Write down the empiricial risk R_{\text{midterm}}(h) by using the above loss function.

R_{\text{midterm}}(h)=\frac{1}{n}\sum_{i=1}^{n}[(\alpha y_i - h)^2+\lambda h]=[\frac{1}{n}\sum_{i=1}^{n}(\alpha y_i - h)^2] +\lambda h


Problem 7.2

The mean of dataset is \bar{y}, i.e. \bar{y} = \frac{1}{n} \sum_{i = 1}^n y_i. Find h^* that minimizes R_{\text{midterm}}(h) using calculus.

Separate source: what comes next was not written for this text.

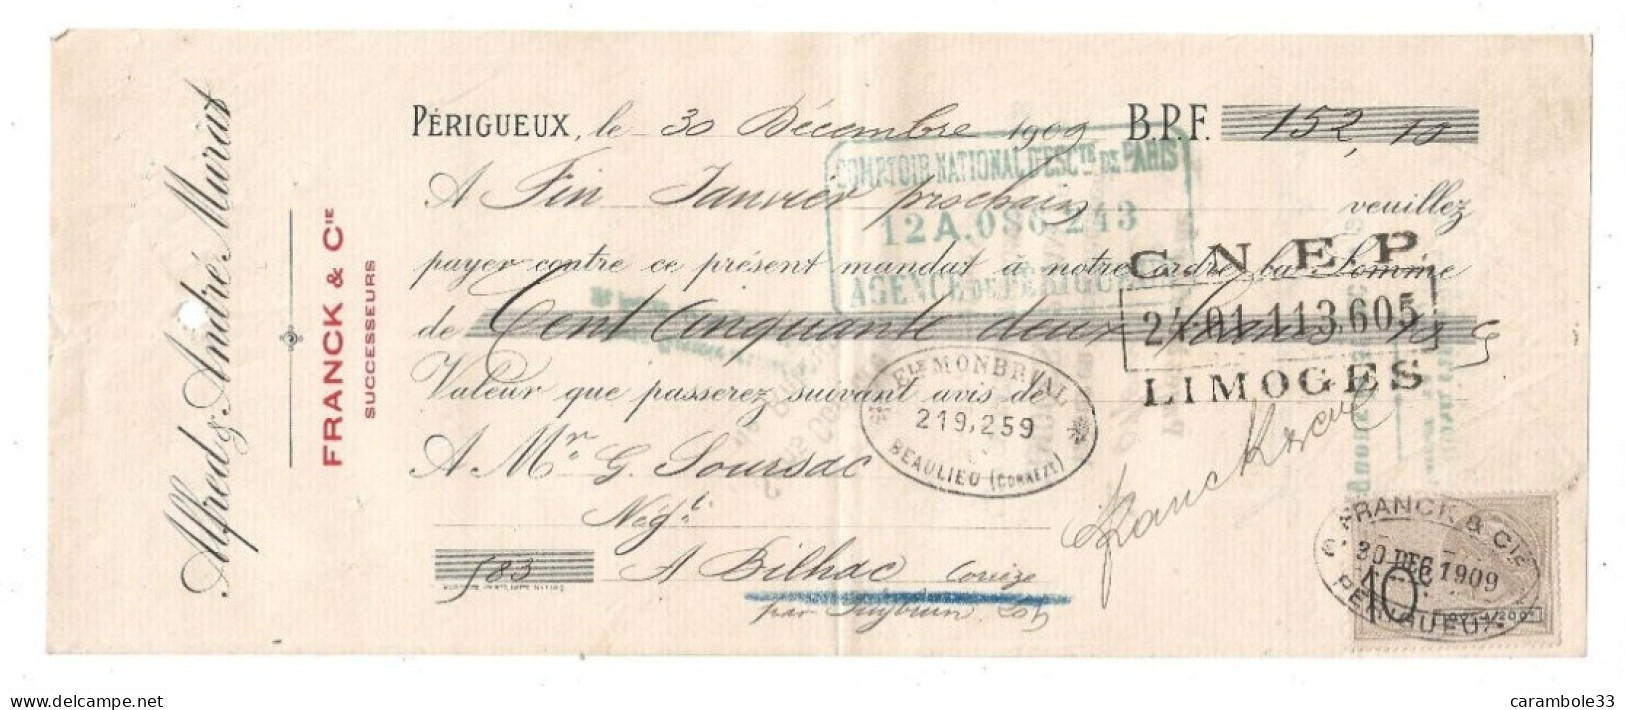 Lettre De Change   Alfred ,Andre Murat  PERIGUEUX 1909 Pour Sourzac  Bilhac Corrèze  (1761) - Lettres De Change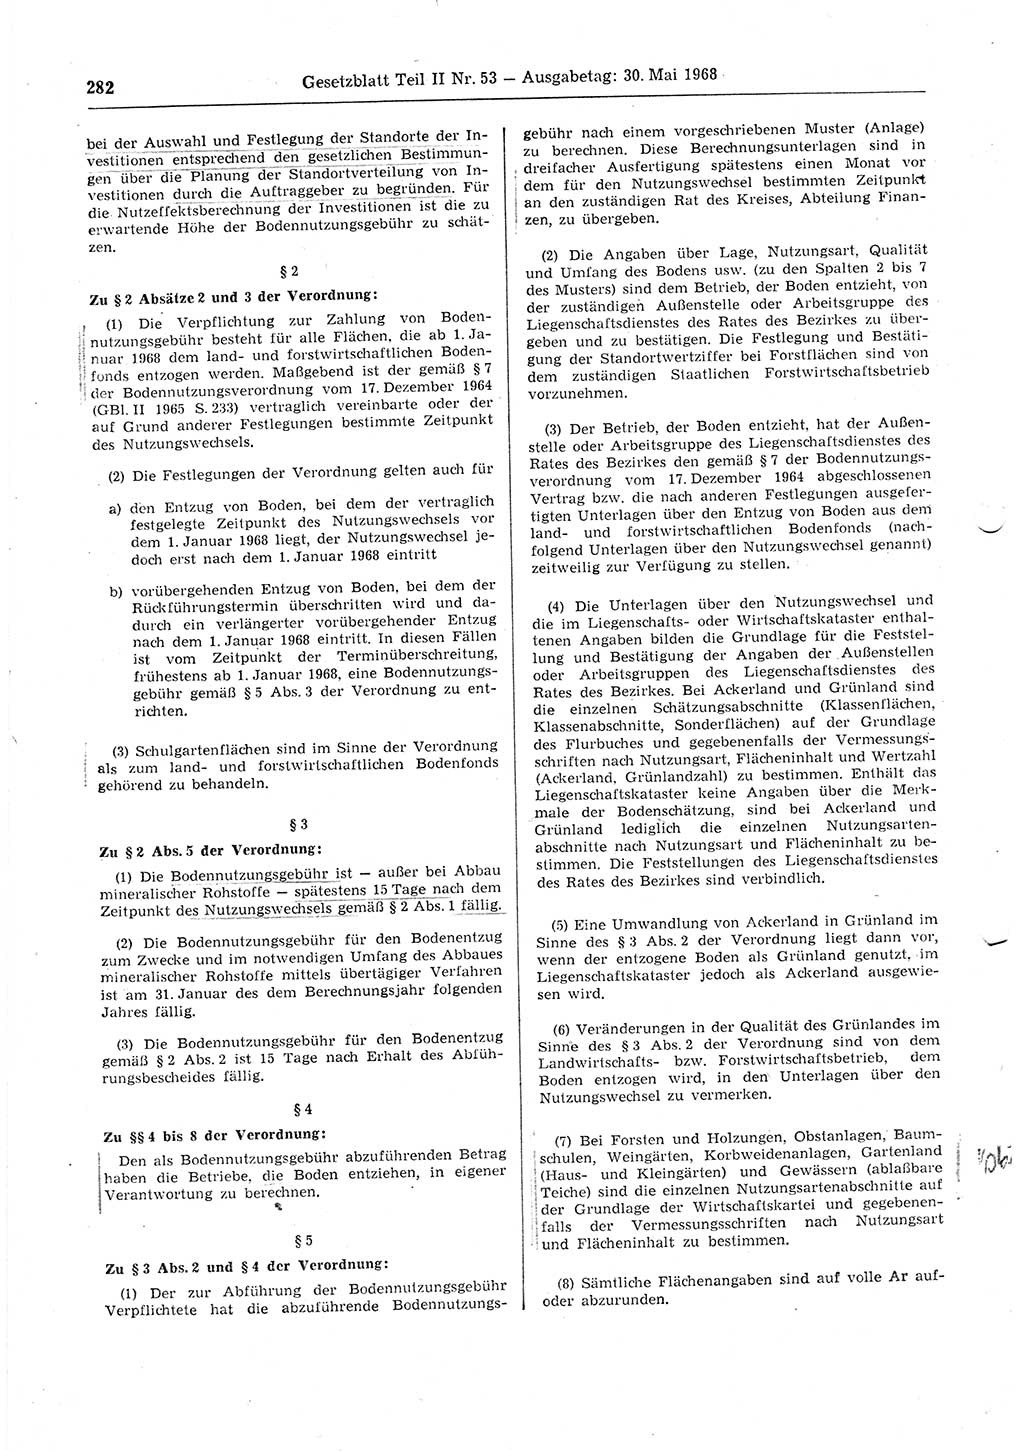 Gesetzblatt (GBl.) der Deutschen Demokratischen Republik (DDR) Teil ⅠⅠ 1968, Seite 282 (GBl. DDR ⅠⅠ 1968, S. 282)

Your result should be in terms of \bar{y}, \alpha and \lambda.

h^*=\alpha \bar{y} - \frac{\lambda}{2}



\begin{align*} \frac{d}{dh}R_{\text{midterm}}(h)&= [\frac{2}{n}\sum_{i=1}^{n}(h- \alpha y_i )] +\lambda \\ &=2 h-2\alpha \bar{y} + \lambda. \end{align*}

By setting \frac{d}{dh}R_{\text{midterm}}(h)=0 we get 2 h^*-2\alpha \bar{y} + \lambda=0 \Rightarrow h^*=\alpha \bar{y} - \frac{\lambda}{2}.



Problem 8

Source: Spring 2023 Midterm 1, Problem 1

Consider a dataset such that 60 \leq y_1 \leq y_2 \leq \dots \leq y_n. Let R_{abs}(h) represent the mean absolute error of a constant prediction h on this dataset. Suppose we know that R_{abs}(27) = 94.


Problem 8.1

Find \bar y, or the mean of \{y_1, y_2, \dots, y_n\}.

\bar{y} = 121

There are several ways to complete this problem. One way is to interpret mean absolute error of a constant prediction h as the average distance of each data point to h. So we are told that the average distance of each data point to 27 is 94. That is, the data points are 94 units away from 27 on average. Since all the data is at least 60, they must be 94 units more than 27, or 121, on average.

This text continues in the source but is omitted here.